#### DATA UNDER STUDY:
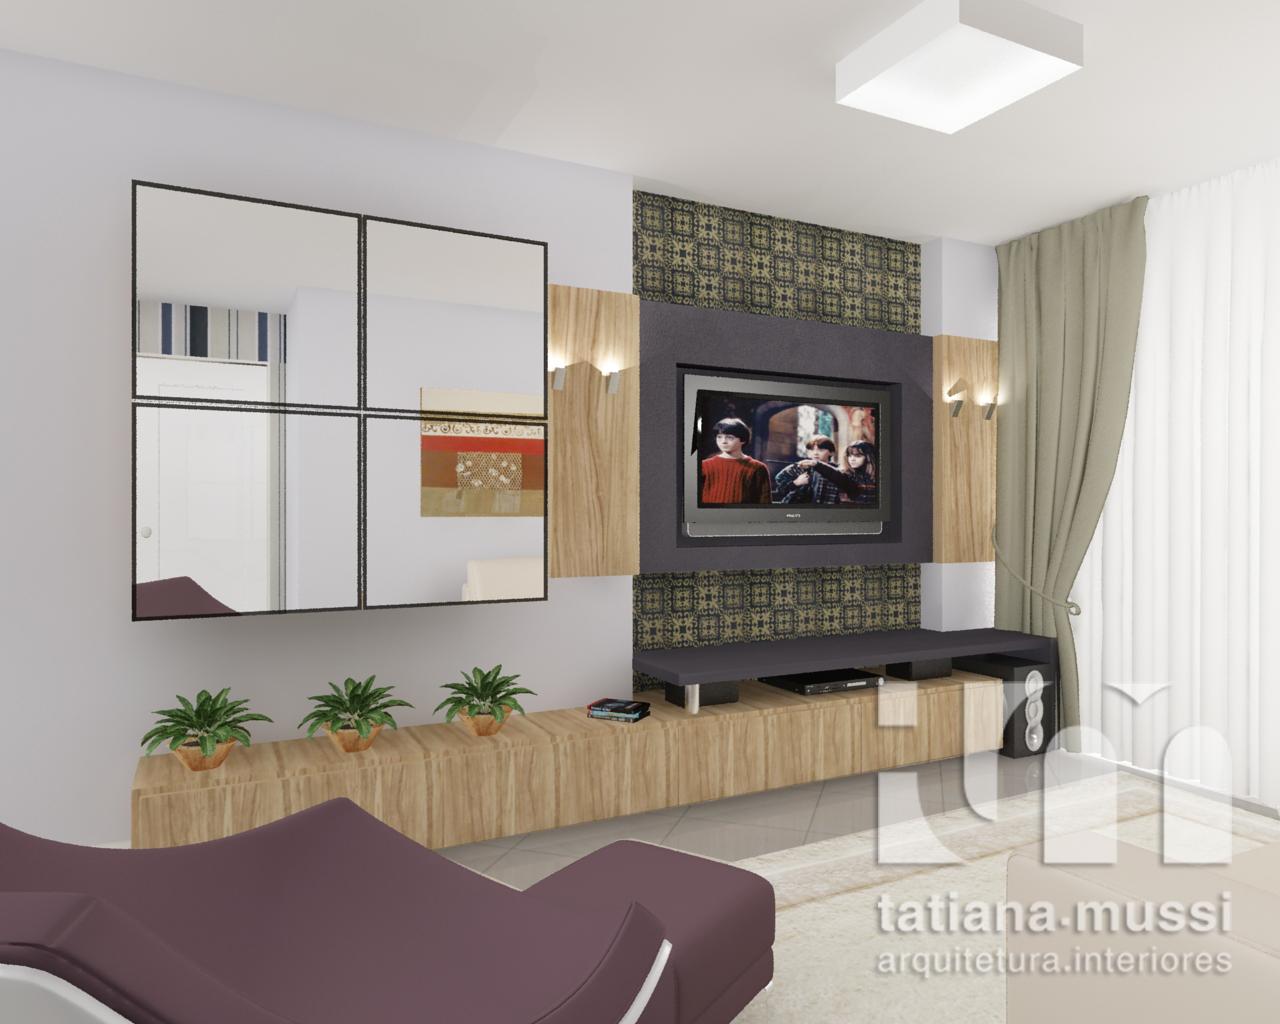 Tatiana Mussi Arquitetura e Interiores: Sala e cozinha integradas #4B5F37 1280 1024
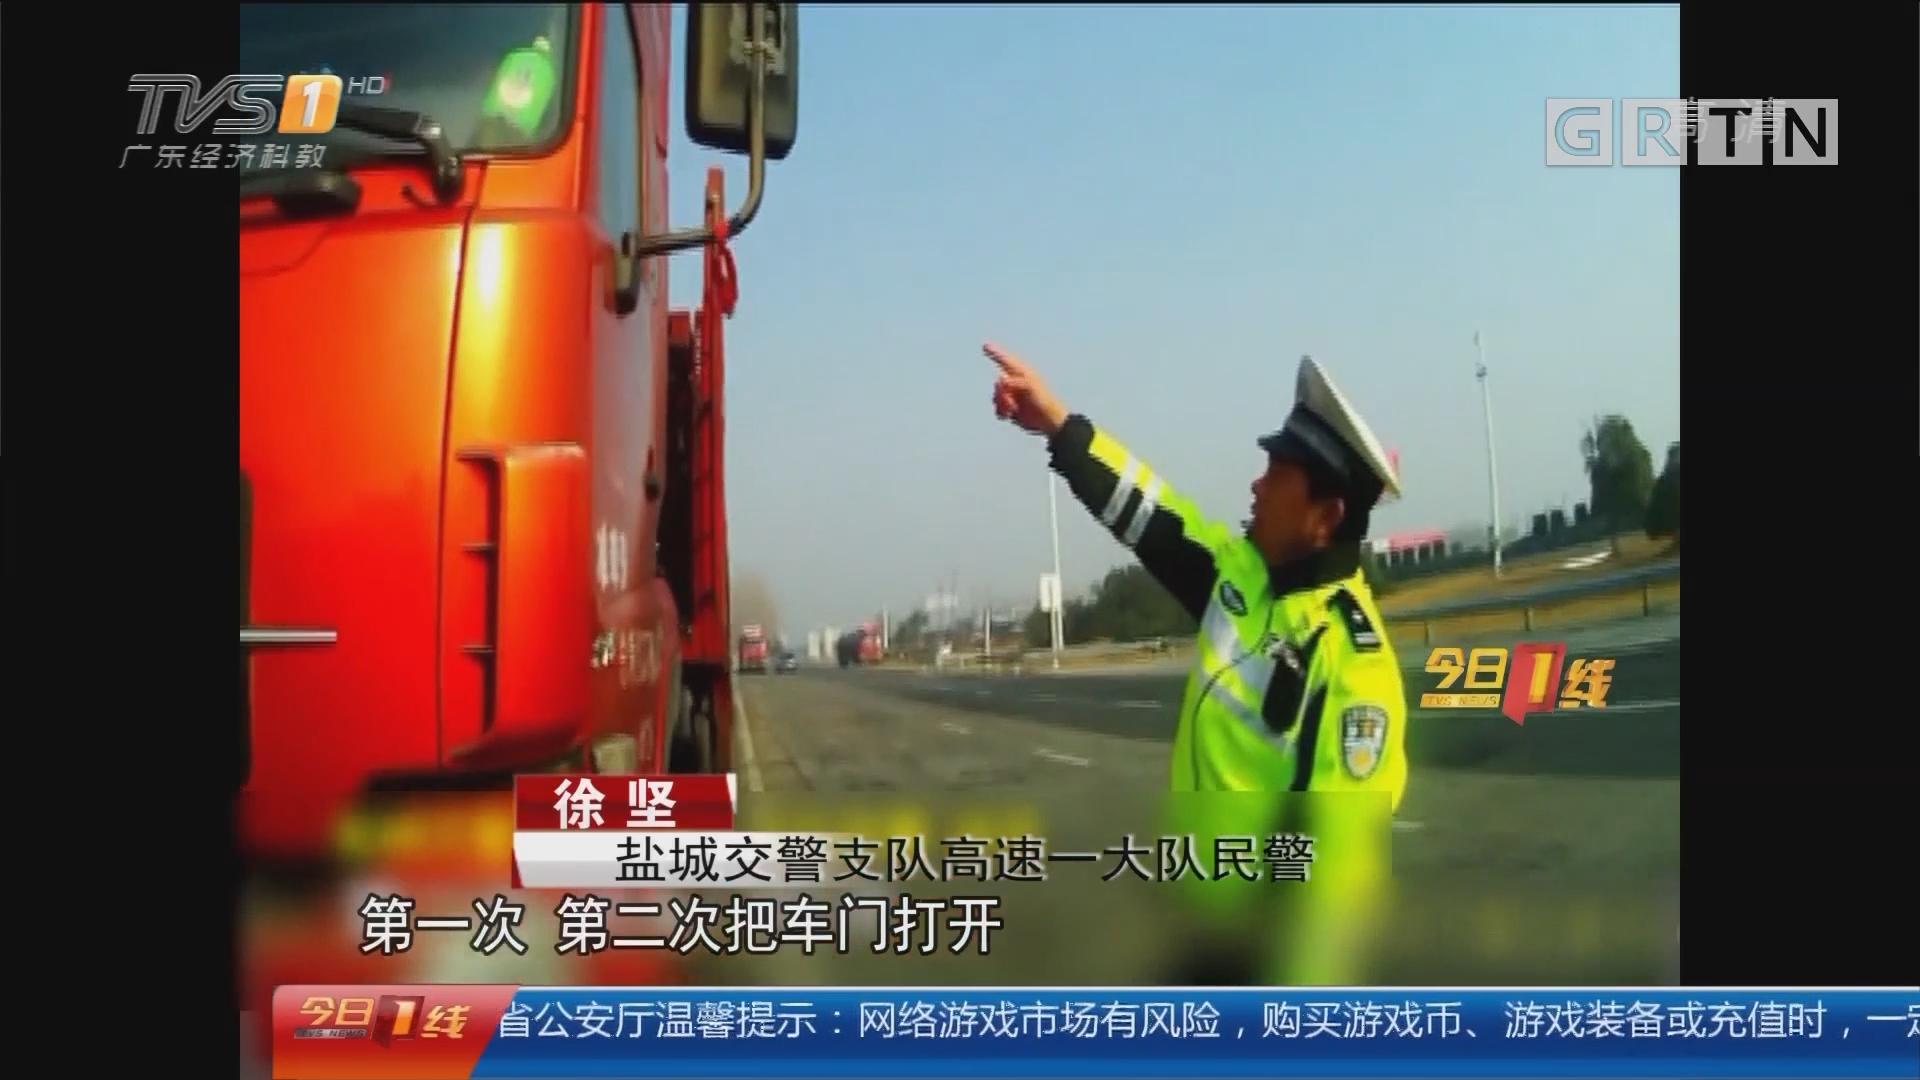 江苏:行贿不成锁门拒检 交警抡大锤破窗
...
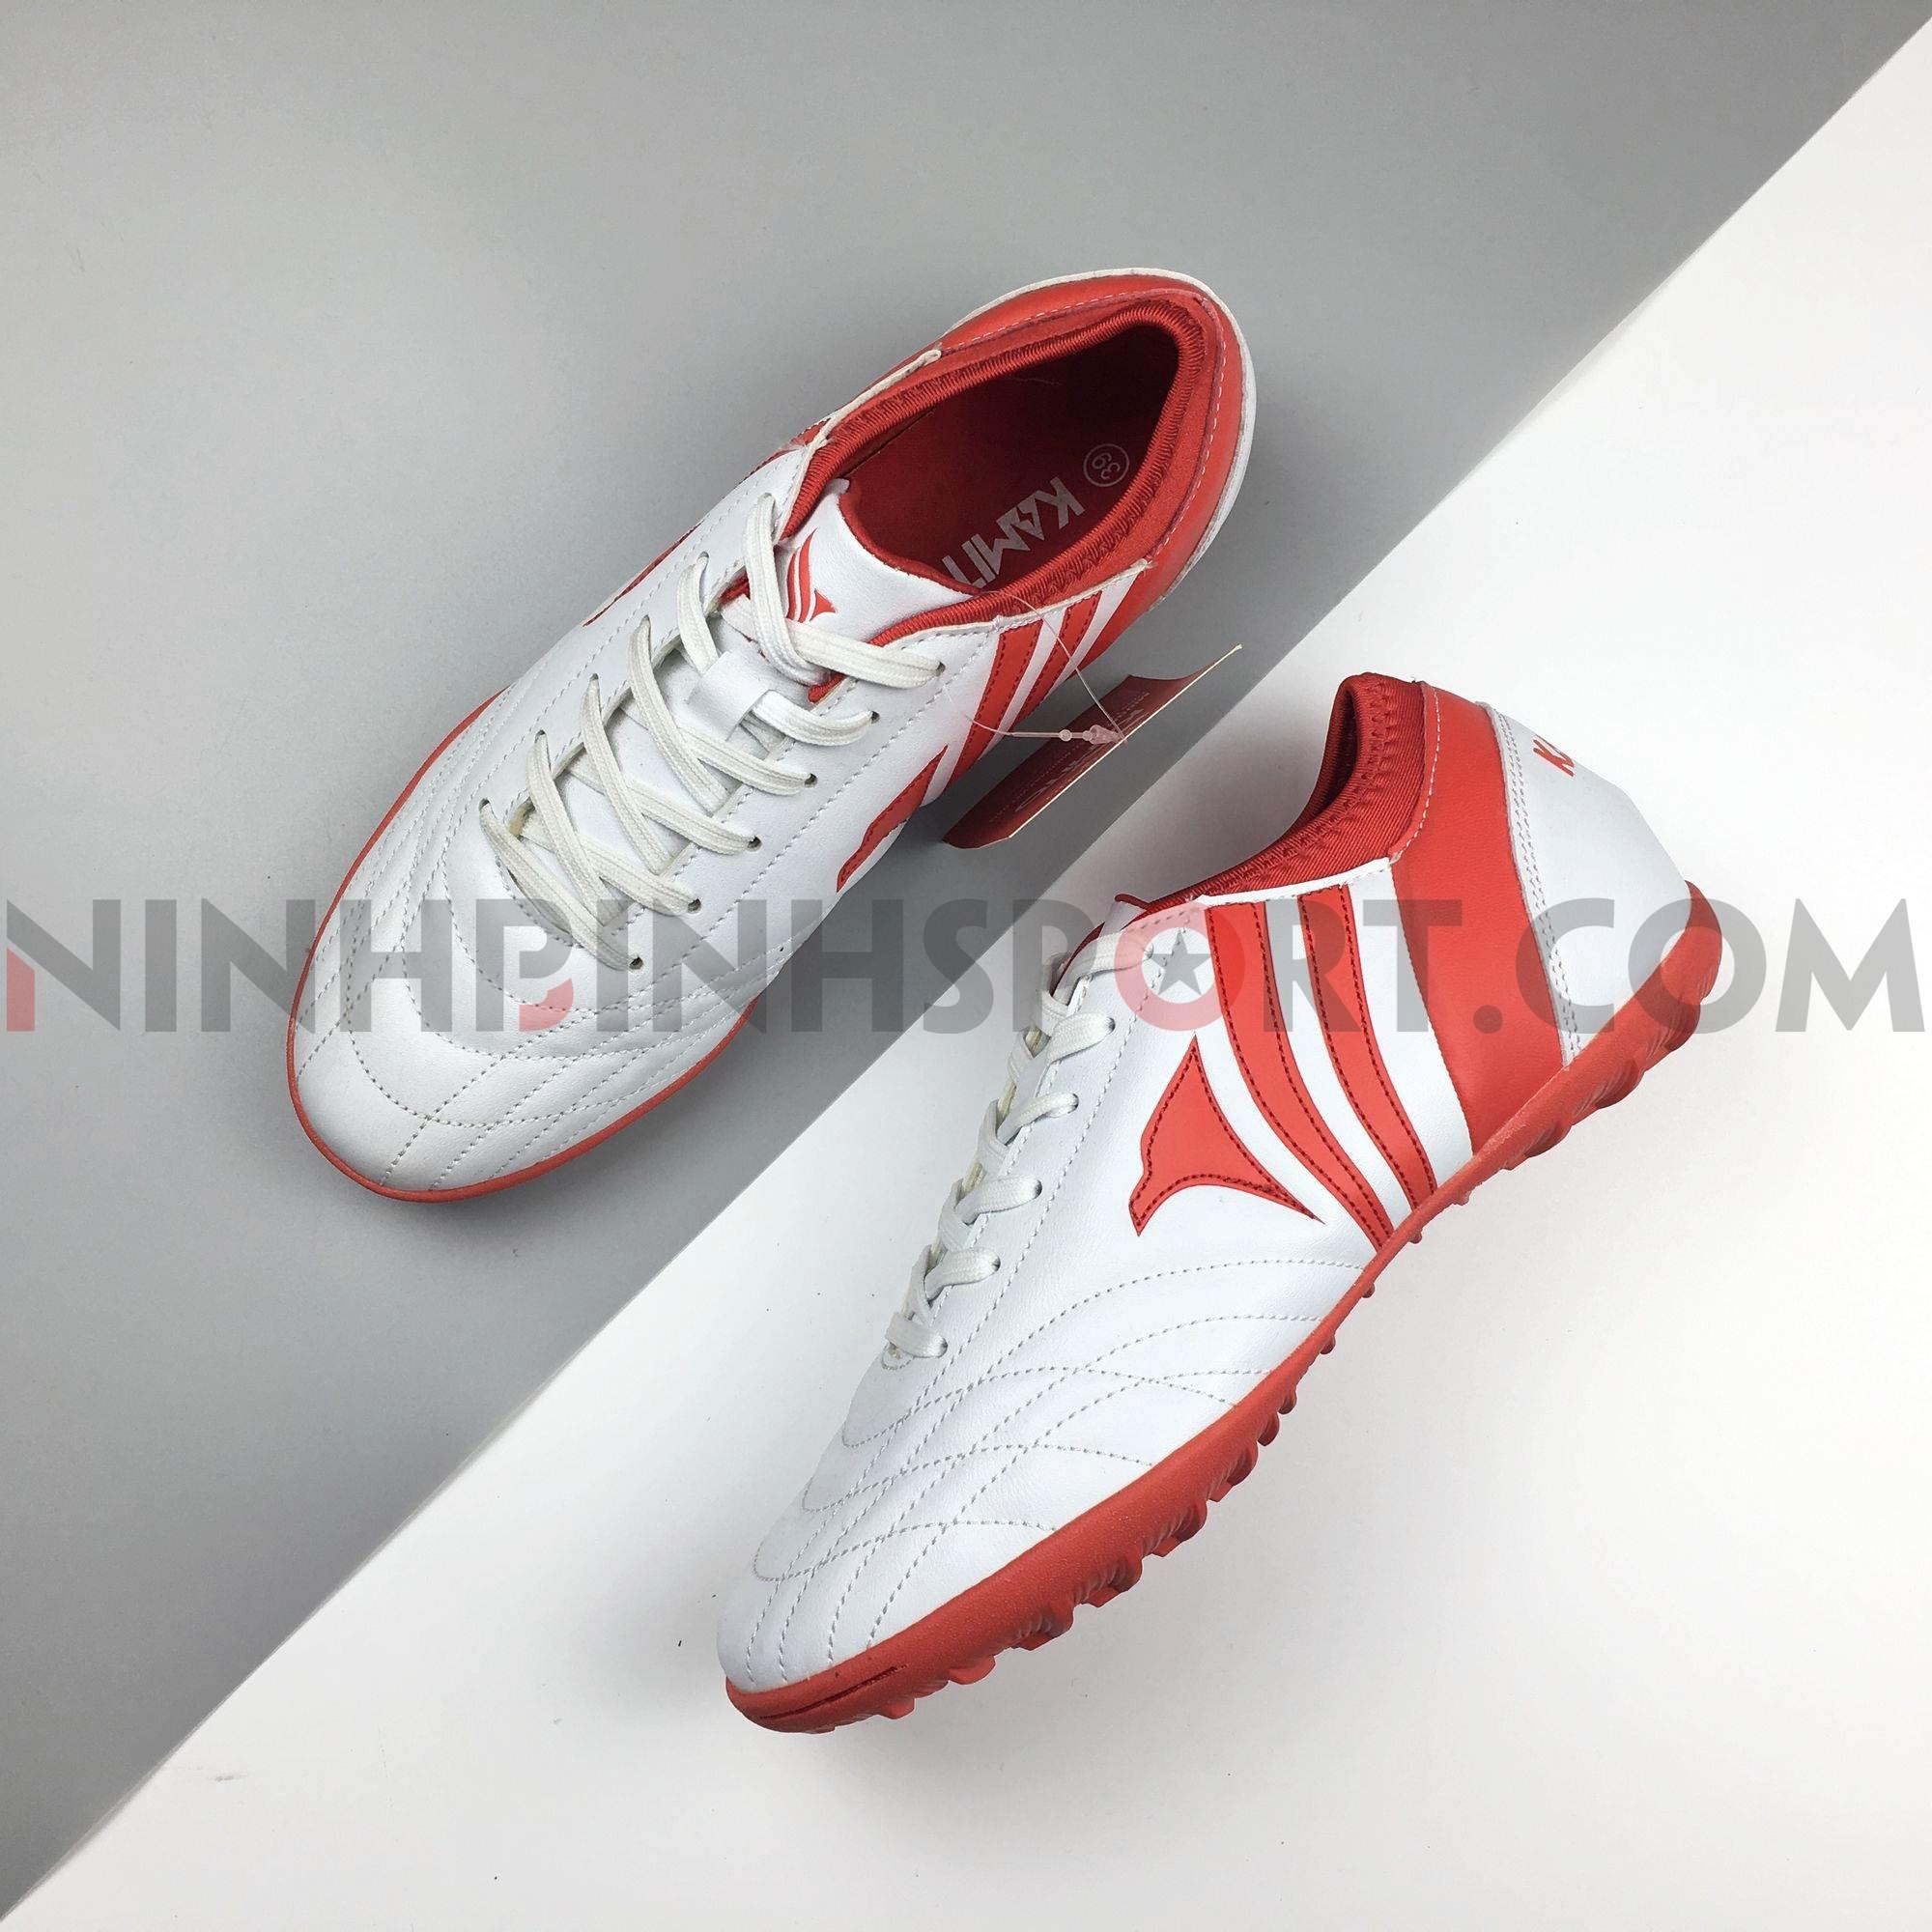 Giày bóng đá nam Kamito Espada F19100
* * *
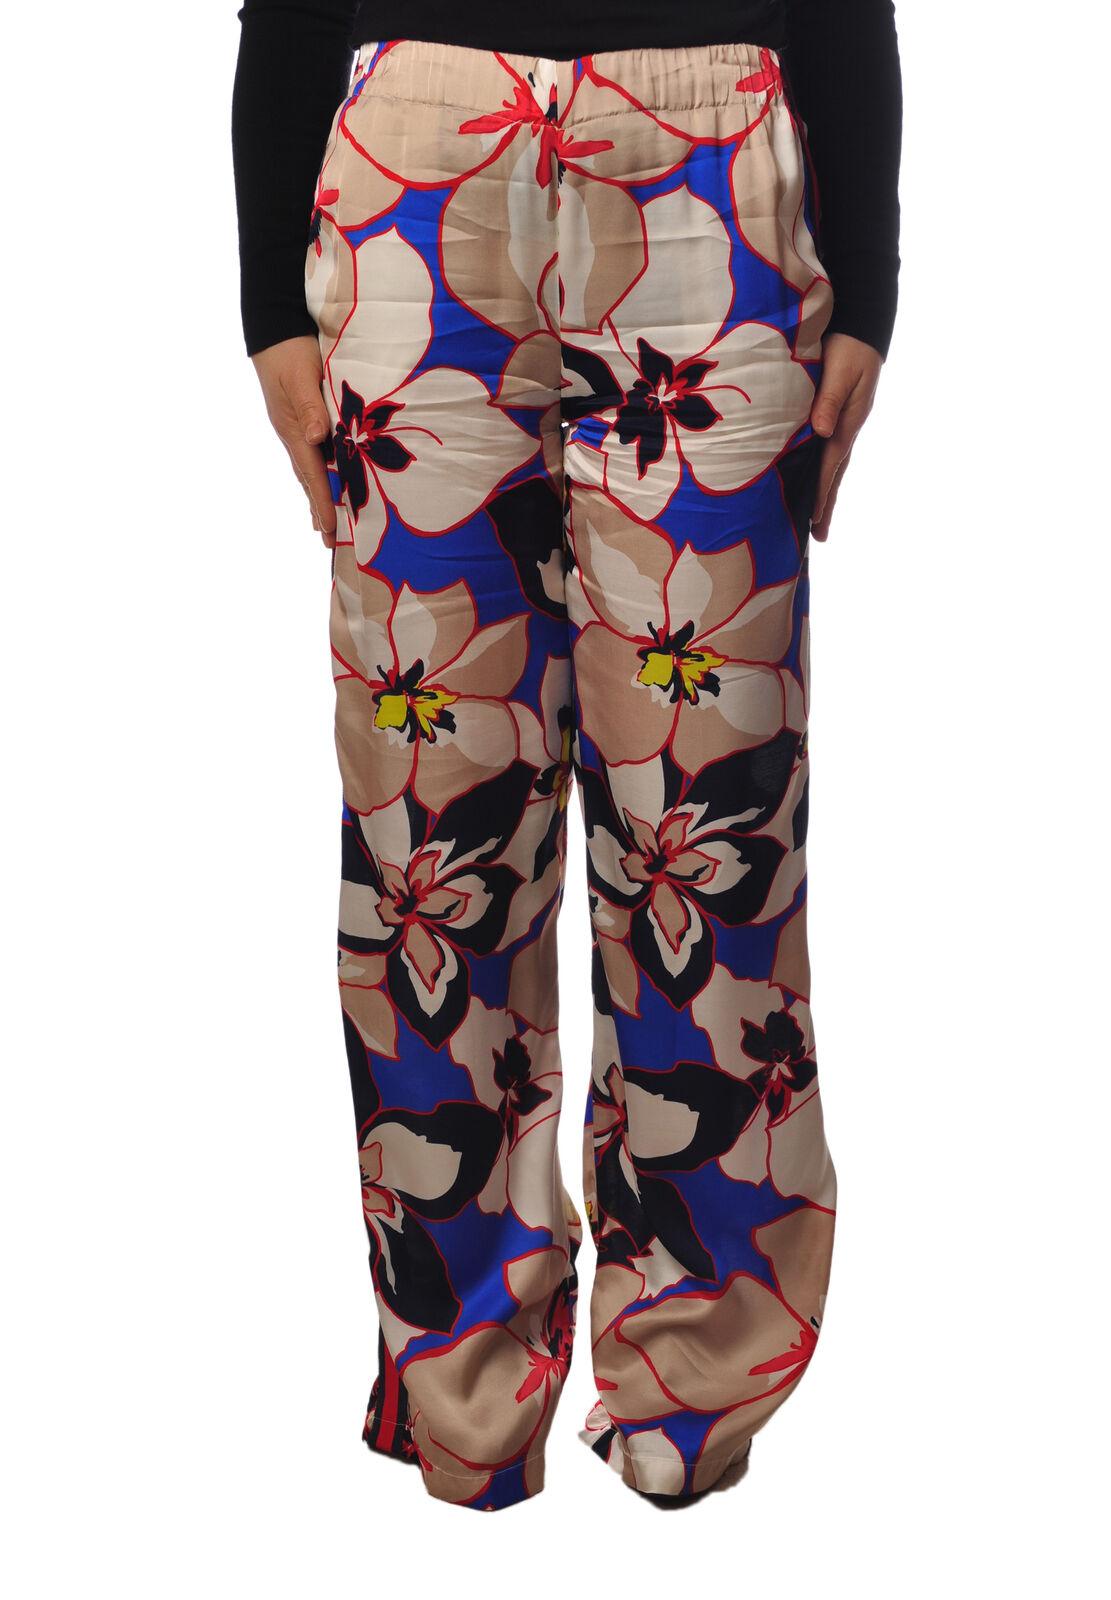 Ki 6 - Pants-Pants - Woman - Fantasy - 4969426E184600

#### EXERCISE:
The answer should consist only of the lines above from the one with "Tatiana Mussi Arquitetura" through the one with "江苏:行贿不成锁门拒检 交警抡大锤破窗", repeated exactly, with no pictures among them.

#### EXERCISE OUTPUT:
 Tatiana Mussi Arquitetura e Interiores: Sala e cozinha integradas #4B5F37 1280 1024
 江苏:行贿不成锁门拒检 交警抡大锤破窗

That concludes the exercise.